О, заканчиваю. Госпожа зовет меня. Голос жалобный – должно быть, опять разыгралась мигрень!
Катерина Дворецкая,
12 октября 200… года, Париж
Тот ветер, который подшутил со мной на улице Шо-ша, успел измениться, пока я путешествовала подземкой до станции «Порт-де-Клинанкур». Теперь это был не веселый озорник (пусть с весьма своеобразным чувством юмора!), а назойливый, злобный пакостник. Всю дорогу от метро до Блошиного рынка я бежала, согнувшись и прикрывая лицо: навстречу так и свистело, а поцеловаться еще с одной газетой мне сегодня не хотелось. Бежала я в общем потоке одинаково согнувшихся, одинаково прячущихся от ветра людей. Изредка разгибалась, поднимала голову, но видела вокруг лишь стены некоего вещевого коридора. Сбывшийся кошмарный сон про общество всеобщего потребления, осуществленная мечта эпохи тотального дефицита: вокруг вздымаются холмы джинсов, навалены курганы курток, громоздятся стены обувных коробок, удушающе благоухают моря и океаны парфюмерии – все жуткого качества, но все очень дешевое и всего МНОГО!
«Ничего не понимаю! – сердито пыхтела я в рукав куртки, которым прикрывала лицо. – Или Морис что-то перепутал? Где же антиквариат? Где ценности минувших эпох? Где Мекка коллекционеров всего мира? Это какой-то гипертрофированный Алексеевский рынок, телепортированный из Нижнего Новгорода и умноженный на пятьсот, а то и на тысячу, только и всего!
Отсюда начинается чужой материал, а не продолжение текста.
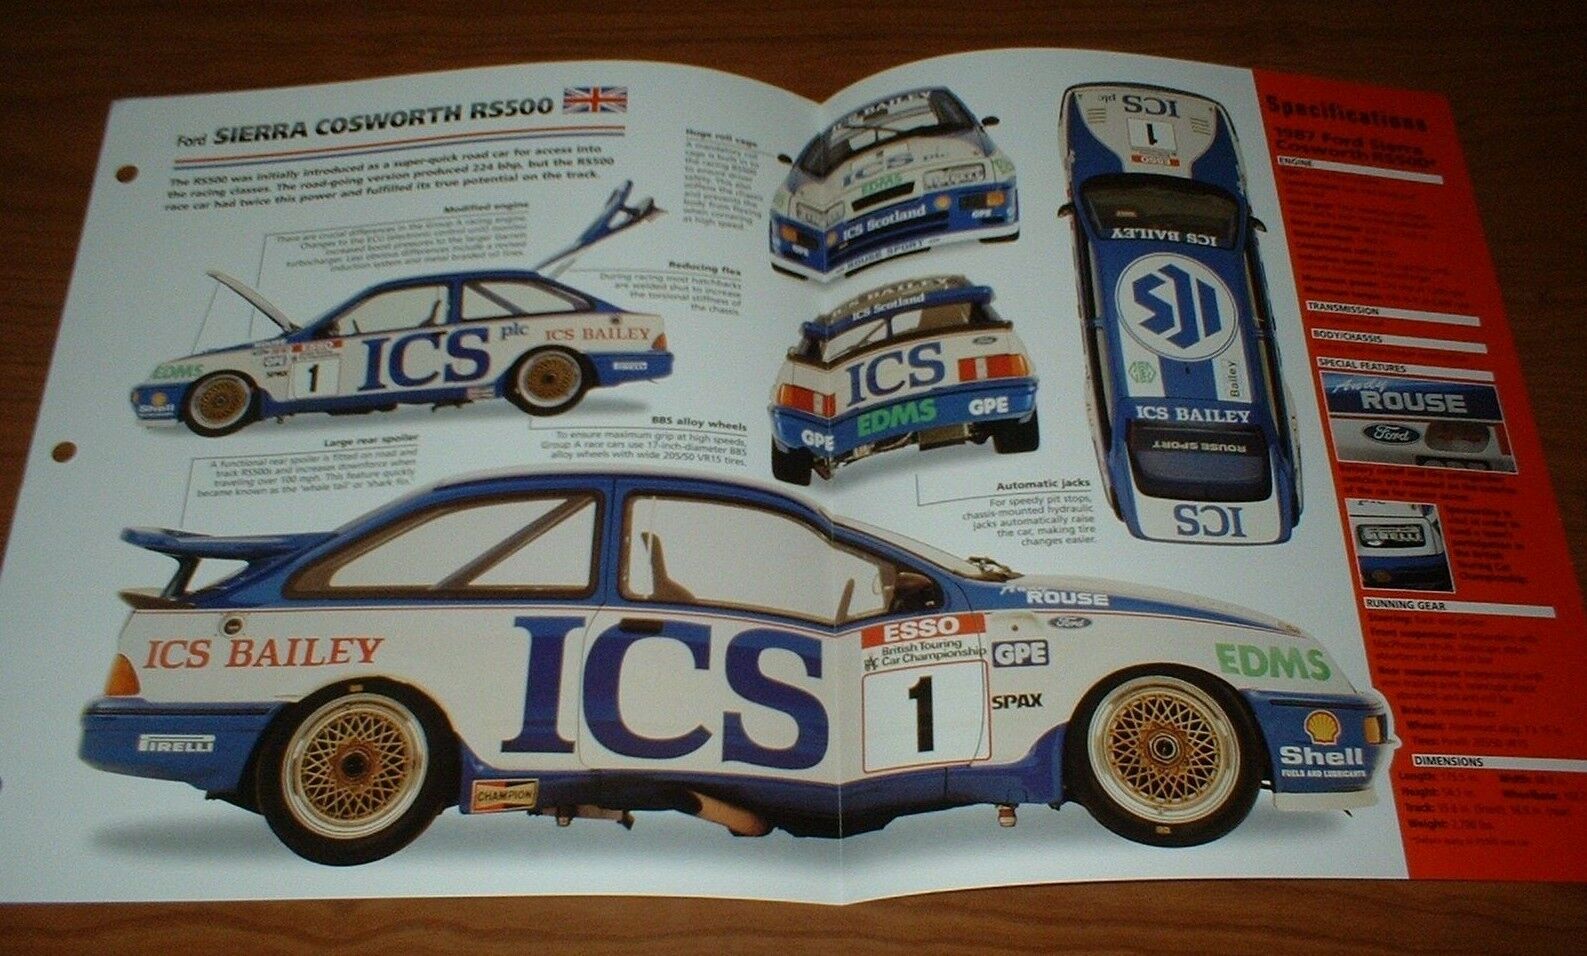 ★★1987 FORD SIERRA COSWORTH RS500 SPEC SHEET BROCHURE PHOTO POSTER PRINT RS 500★

А холодина какая!»
Вспомнилась иллюстрация из книги карикатур Бидструпа [11]: около забора несколько причудливо одетых людей развели костер и греют руки, поодаль навалены зеркала, картины, какие-то кресла в стиле ампир или рококо, сроду мне их не различить, а еще стоят корзинки со щенками и котятами, с попугаями и морскими свинками. Я эту картинку еще в детстве видела, у тетушки Элинор. Дословно не помню, что там было написано, но смысл состоял в том, что на Блошином рынке весь товар с блохами, от собак до антикварных кресел. Больше всего меня, впрочем, тогда поразил костер. Я сочла его художественным преувеличением. Париж представлялся мне южным городом, жарким, чуть ли не субтропиками. А сейчас я думаю, что было бы очень недурно развести костерчик из половины навезенного сюда барахла. Сколько народу могло бы согреться! Ведь и в самом деле кругом – сущее барахло.